First we count the document frequency for all words

In [63]:
def df_count(tokenized_texts):
    df = {}
    # Let's count the words
    for doc in tokenized_texts:
        word_type = set(doc)
        for word in word_type:
            try:
                df[word] += 1
            except:
                df[word] = 1
    
    return df

df = df_count(tokenized_texts)
print(df)

{'a': 3, 'this': 2, 'with': 2, '.': 2, 'is': 2, 'girl': 1, 'telescope': 1, 'pizza': 1, 'boy': 1, 'should': 1, 'tell': 1, 'irrelevent': 1, '!': 1, 'difference': 1, 'sentence': 1}


Then make a function to get the term frequency

In [66]:
#function for only one documents
def tf_count(tokenized_text):
    tf = {}
    total_no = len(tokenized_text)
    for token in tokenized_text:
            try:
                tf[token] += 1
            except:
                tf[token] = 1
    for key in tf.keys():
        tf[key] = tf[key]/total_no
    return tf

print(tf_count(tokenized_texts[0]))

{'this': 0.125, 'is': 0.125, 'a': 0.25, 'girl': 0.125, 'with': 0.125, 'telescope': 0.125, '.': 0.125}


Then we can calculate the score.

In [70]:
import math
def get_score(tokenized_texts):
    tfidf = []
    df = df_count(tokenized_texts)
    total_docs = len(tokenized_texts)
    for doc in tokenized_texts:
        tf = tf_count(doc)
        score = []
        for word in df.keys():
            try:
                score.append(tf[word]*(math.log10(total_docs/df[word])))
            except:
                score.append(0)
        tfidf.append(score)
    return tfidf
tf_idf = get_score(tokenized_texts)
print(tf_idf)

[[0.0, 0.022011407381960155, 0.022011407381960155, 0.022011407381960155, 0.022011407381960155, 0.059640156839957804, 0.059640156839957804, 0, 0, 0, 0, 0, 0, 0, 0], [0.0, 0.022011407381960155, 0.022011407381960155, 0.022011407381960155, 0.022011407381960155, 0, 0, 0.059640156839957804, 0.059640156839957804, 0, 0, 0, 0, 0, 0], [0.0, 0, 0, 0, 0, 0, 0, 0, 0, 0.06816017924566606, 0.06816017924566606, 0.06816017924566606, 0.06816017924566606, 0.06816017924566606, 0.06816017924566606]]

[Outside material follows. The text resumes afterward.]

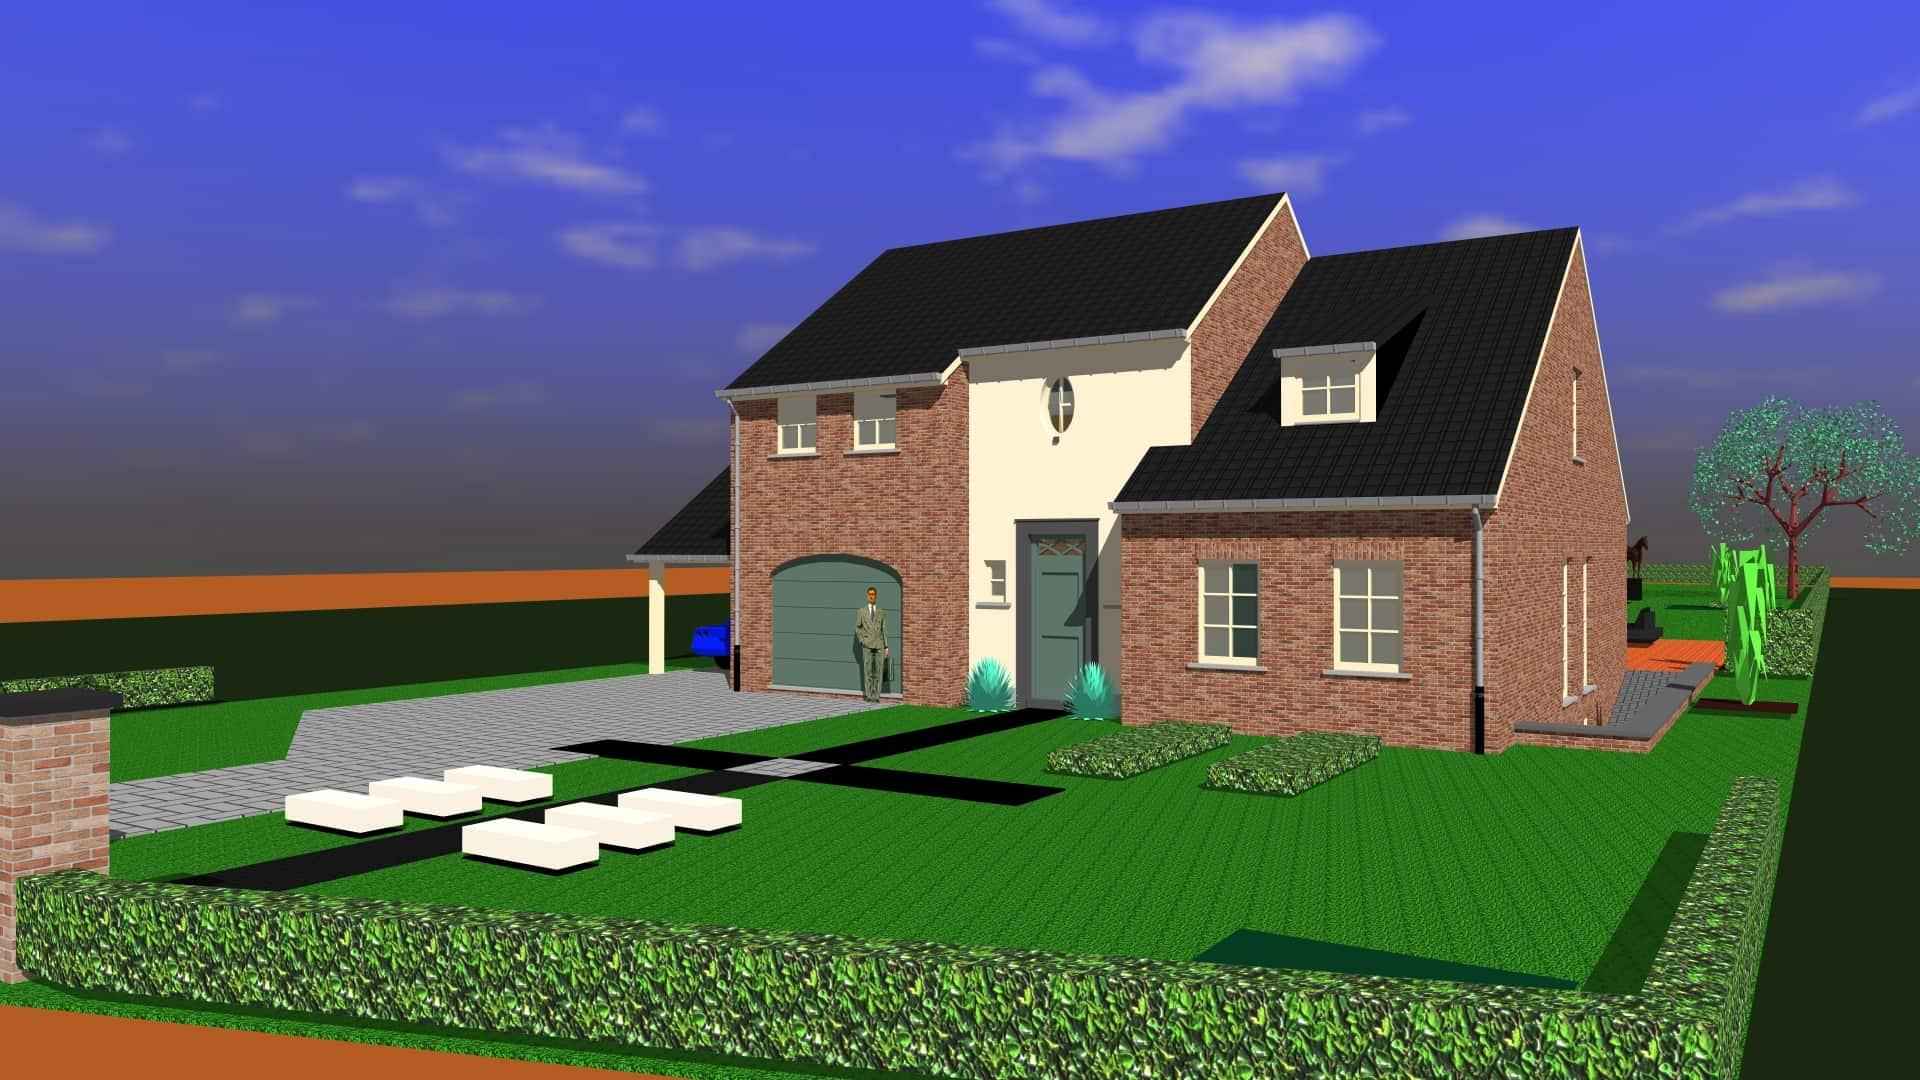 Detail afbeelding 6 van DM   –   Landelijke woning in Pastorij-stijl   –  Wiemismeer | Ontwerp door architect Patrick Strackx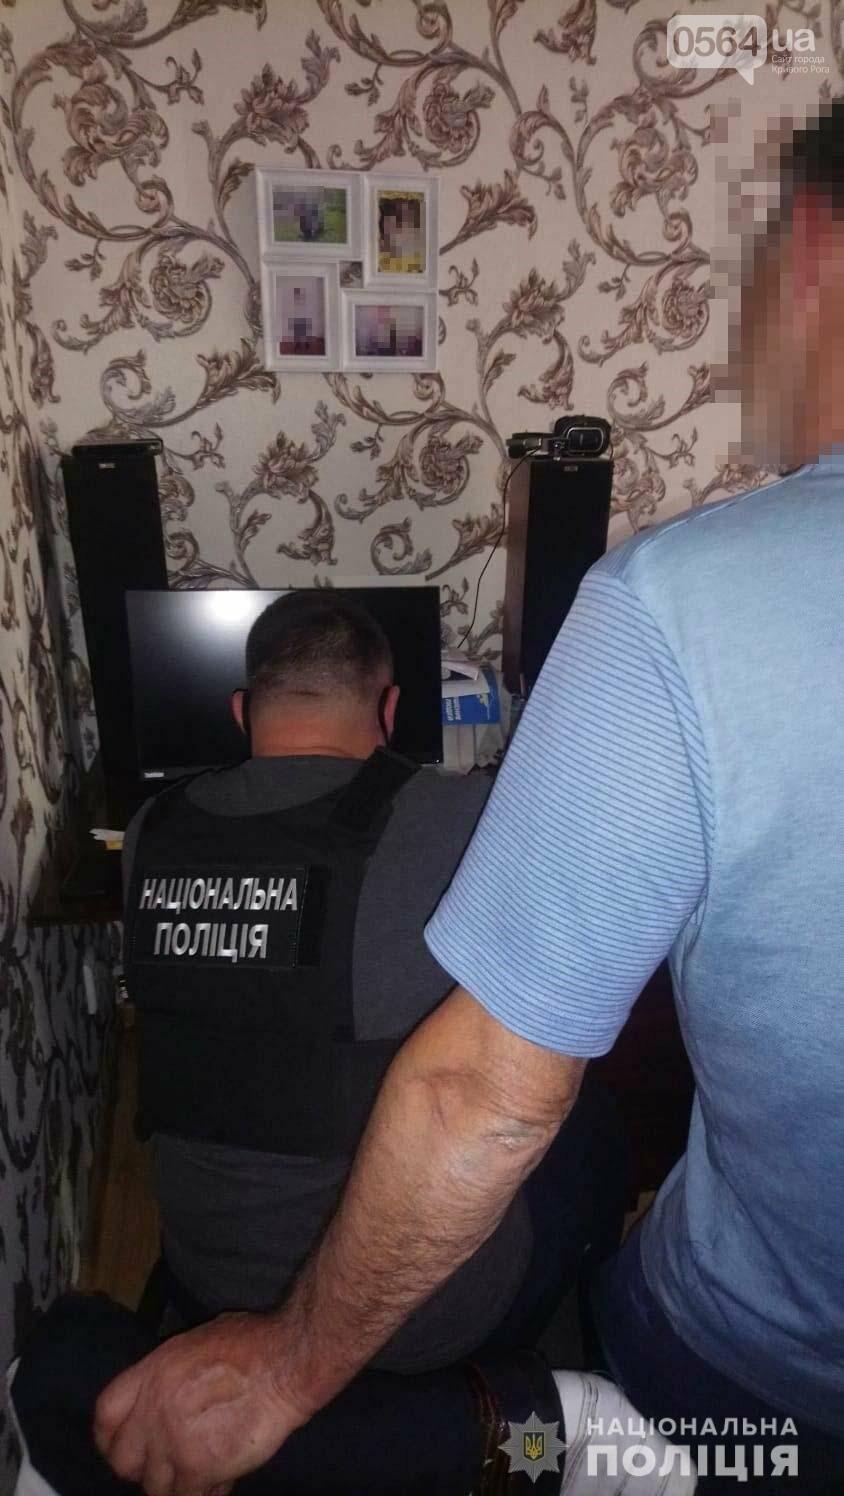 На Днепропетровщине в распространении детской порнографии разоблачили 59-летнего мужчину, - ФОТО , фото-1

Now we have document vectors, how can we make use of them?

# Cosine Similarity

Cosine similarity measures the orientation of two n-dimensional sample vectors irrespective to their magnitude.
It is very common to use td-idf with cosine similartiy.<br>
$\cos(\pmb x, \pmb y) = \frac {\pmb x \cdot \pmb y}{||\pmb x|| \cdot ||\pmb y||}$

In [71]:
import math
def cosSim(A,B):
    #compute cosine similarity of A to B: (A dot B)/{||A||*||B||)
    sum_aa, sum_ab, sum_bb = 0, 0, 0
    for i in range(len(A)):
        a = A[i]; b = B[i]
        sum_aa += a*a
        sum_ab += a*b
        sum_bb += b*b
    return sum_ab/math.sqrt(sum_aa*sum_bb)

In [74]:

sim_score = cosSim(tf_idf[0],tf_idf[1])
print('similarity between 1st doc and 2nd doc:', sim_score)
sim_score = cosSim(tf_idf[0],tf_idf[2])
print('similarity between 1st doc and 3nd doc:',sim_score)

similarity between 1st doc and 2nd doc: 0.21409949120674793
similarity between 1st doc and 3nd doc: 0.0


We can see that doc 1 and 2 is more similar to each other than to doc3.